While indicating she believes MCC head coach Hilary Allen may move her to the wing in Meridian's fast-paced offense, Moore says her Thursday signing is both exciting and a call for her to step up her offseason workouts.
"It's like reality hasn't hit me yet," said Moore. "I've signed, but it hasn't hit. It doesn't really change a lot for me. I work out most of the summer anyway, but now instead of most of the summer, it's going to be all of the summer to get me back in shape."
According to Allen, Moore's conditioning will be key to fitting in at MCC.
The Lady Eagles, who finished at 27-6 last season while capturing their league title and conference tournament, regularly rotate players in and out of what Allen describes as an "up-and-down, full-court, fast breaking team."
"We need bodies that can go out there and play two, three or four minutes at the time and stay fresh," said Allen. "That's when we're the most successful. I see Courtney as that kind of kid. She can play four or five minutes, give me a burst of energy, take a blow, then get out there and give another burst of energy."
Williams believes Moore can step in and do big things for Allen and the Lady Eagles. After all, it wasn't that long ago that Moore did just that for the Lady Jackets.
"Courtney came in as a junior and right away made an immediate impact," said Williams. "She bonded well with the players and that chemistry developed. Courtney was a hard worker in the paint and was one of those players where the other coaches always wanted to know if she was playing or not. She made an impact for us and for opponents as well."
Johnson-Weaver was just as valuable to Williams and Starkville High. Throughout her career, Johnson saw sparse playing time, but that all changed in 2010-11.
In winning the team's sixth woman award, Johnson-Weaver averaged seven points and 6.5 rebounds per game, providing SHS with valuable minutes whenever she was on the floor.
"I've known Chelsey all of her life and to see her develop into the caliber of player that she is now is just a big accomplishment as far as her work ethic," said Williams. "Over the summer, her leadership ability stepped up tremendously and not only did she go on to win our sixth woman award this year, it was like she was that sixth starter for us. She was able to come in and get key rebounds in a ballgame and actually took charges this year. That's a big thing for us and we joked with her about that. She was able to take a charge, get up smiling and be ready to go back down the floor."
In Allen's mind, he sees a talented player in Johnson-Weaver. Perhaps even more importantly, he sees a fundamentally-sound player.
"What I have found from (Williams') players is that all of her players have the basic fundamentals of the game," said Allen. "We play at such a fast pace that I have to have that.
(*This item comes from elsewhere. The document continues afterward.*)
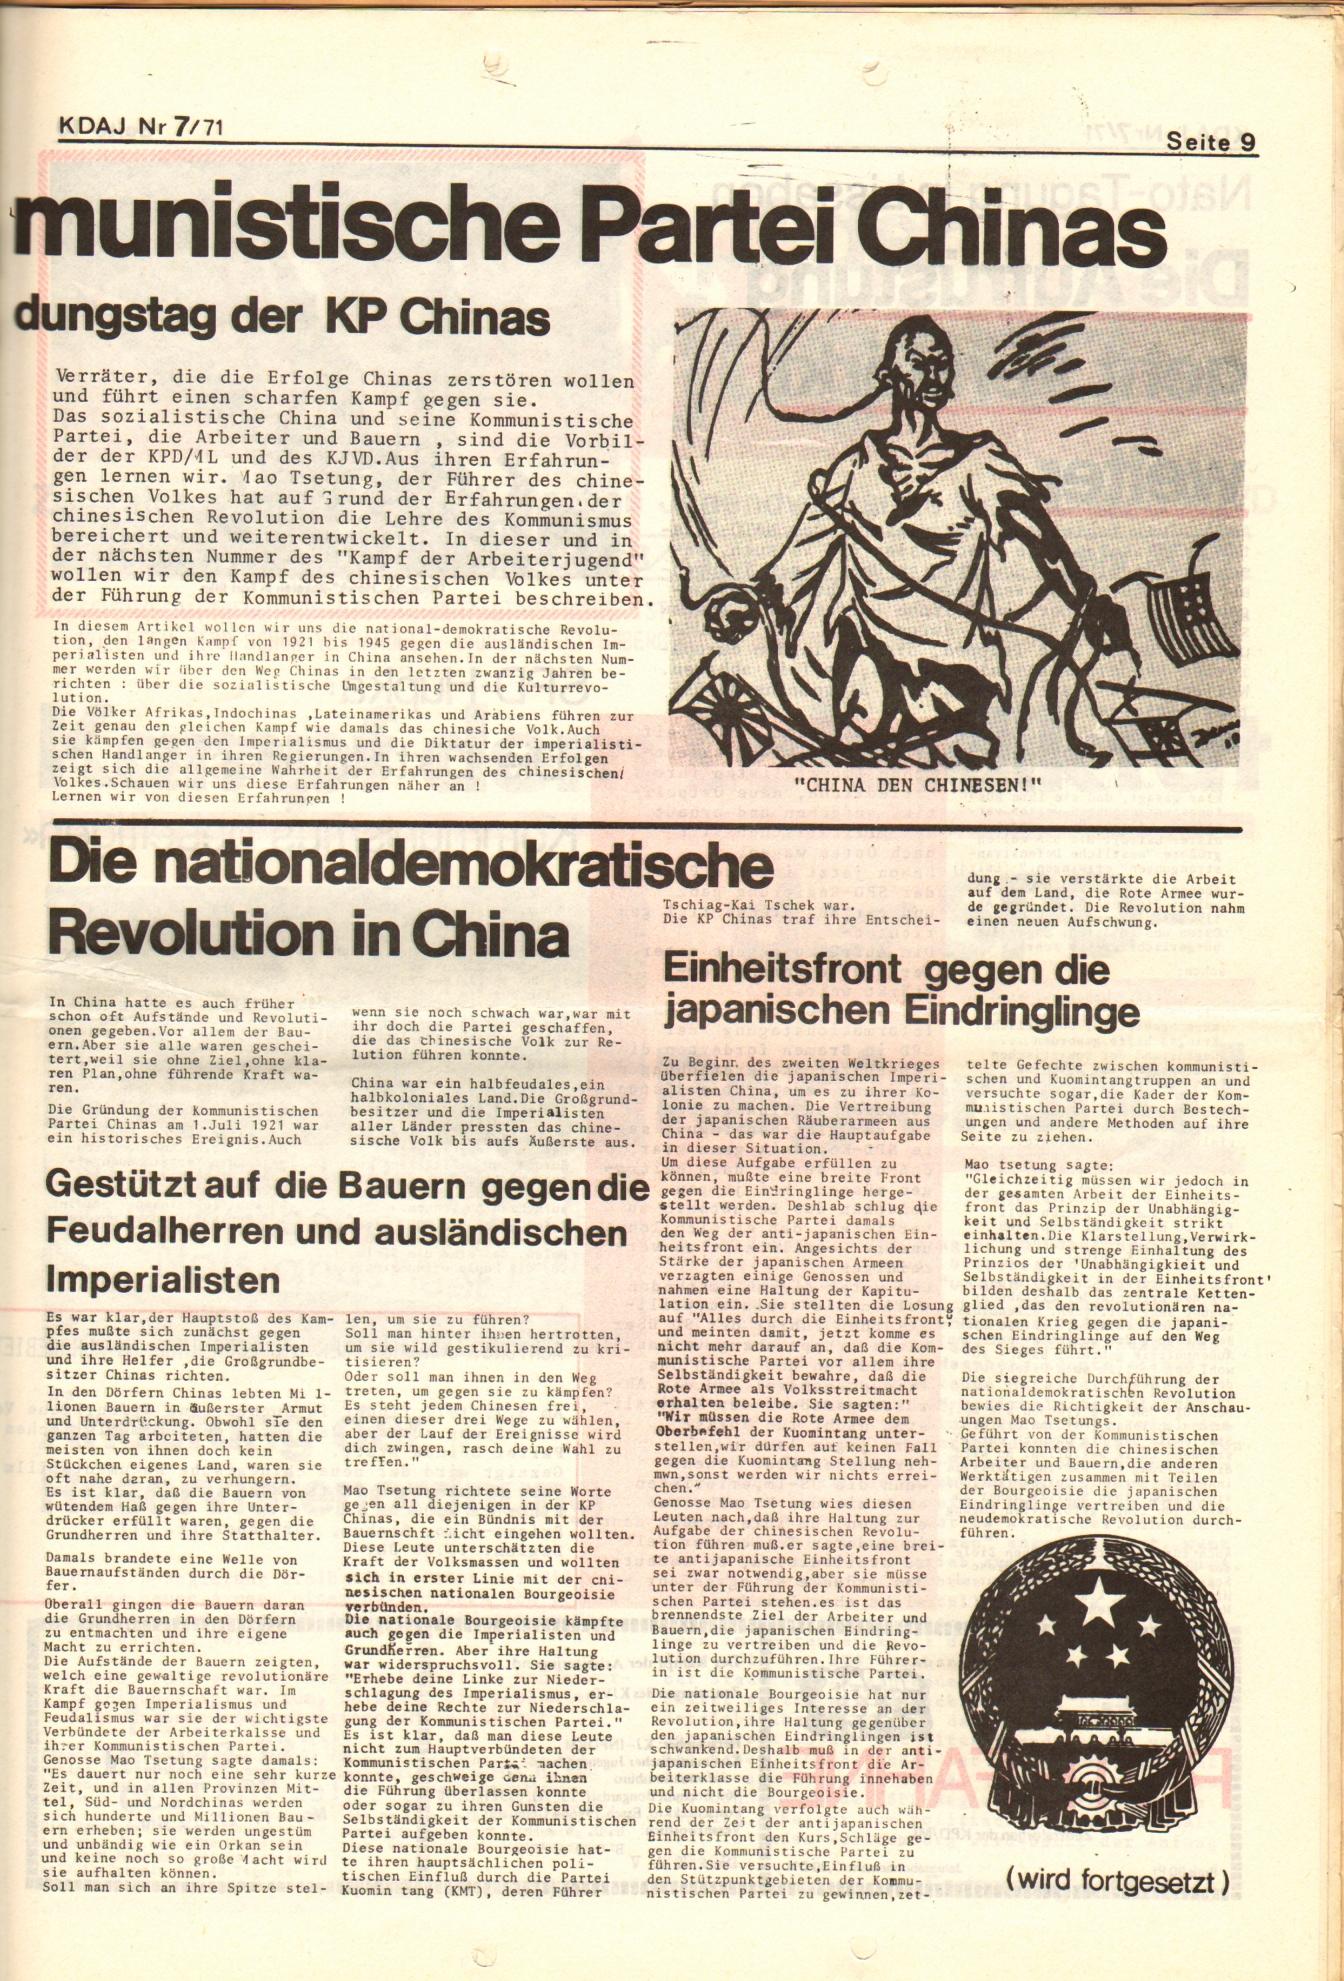 KDAJ, 2. Jg., Juli 1971, Nr. 7, Seite 9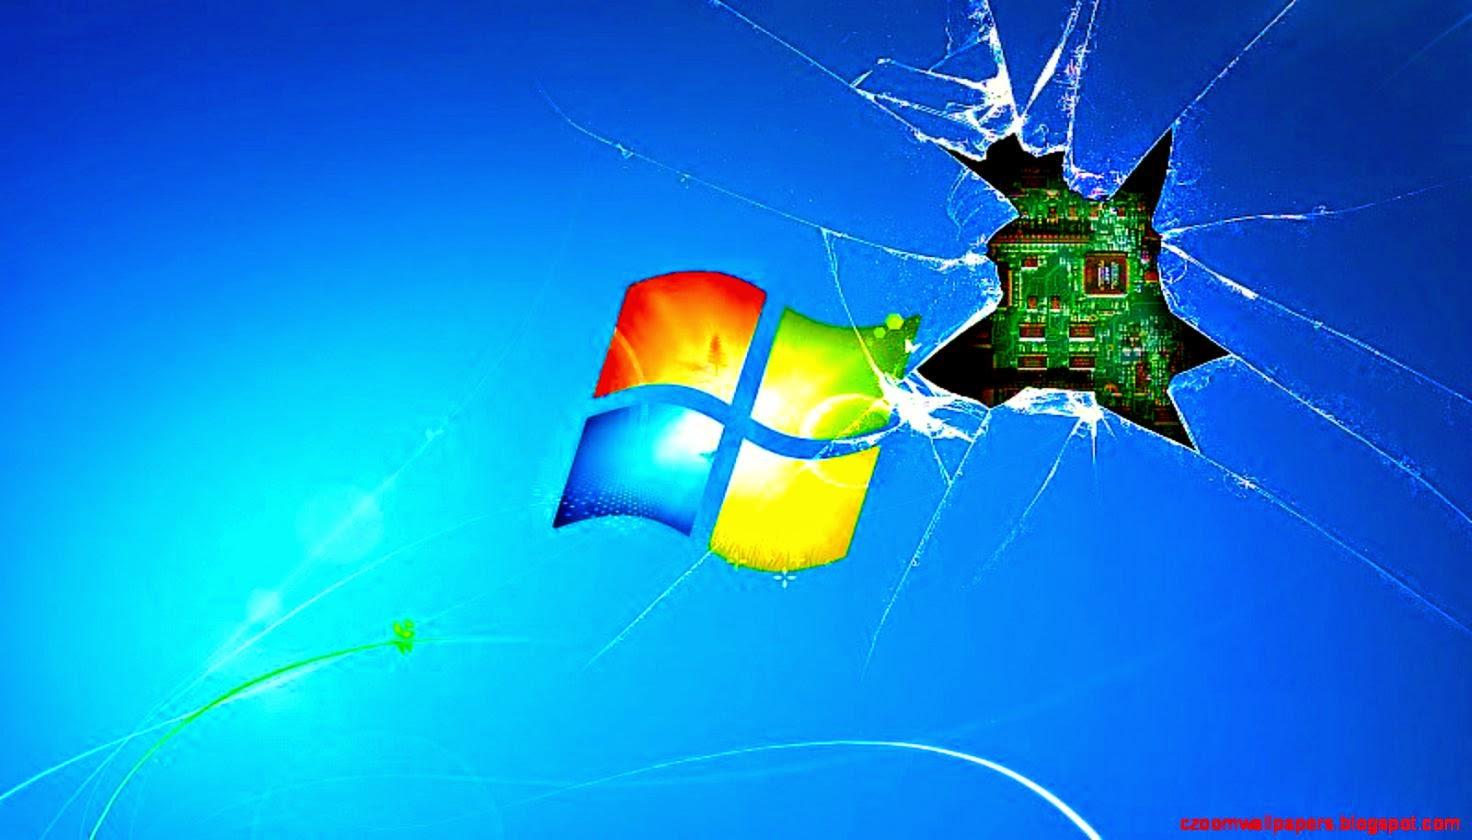 Broken Window Wallpapers - Full HD wallpaper search

I don't always have to have great talent or great basketball skills. If we play fundamentally sound at that fast pace, we're going to be successful. That's what I'm expecting from Chelsea and from Courtney."
Johnson-Weaver says she's excited to prove herself at MCC. Still, she says it's hard to believe she got her big opportunity to play at the next level.
"This year was really my first year to even experience touching the floor," said Johnson-Weaver. "(Williams) had always told me though that I had something special."
Now, both Johnson-Weaver and Moore will use their abilities to benefit Meridian. Williams expects both of her former players to continue to excel once they get to MCC.
"The sky is the limit for both of them," said Williams. "I've always had a great relationship with (Allen) and I know that he's going to expect a lot out of them and I know he should be able to get them to reach that highest level with him."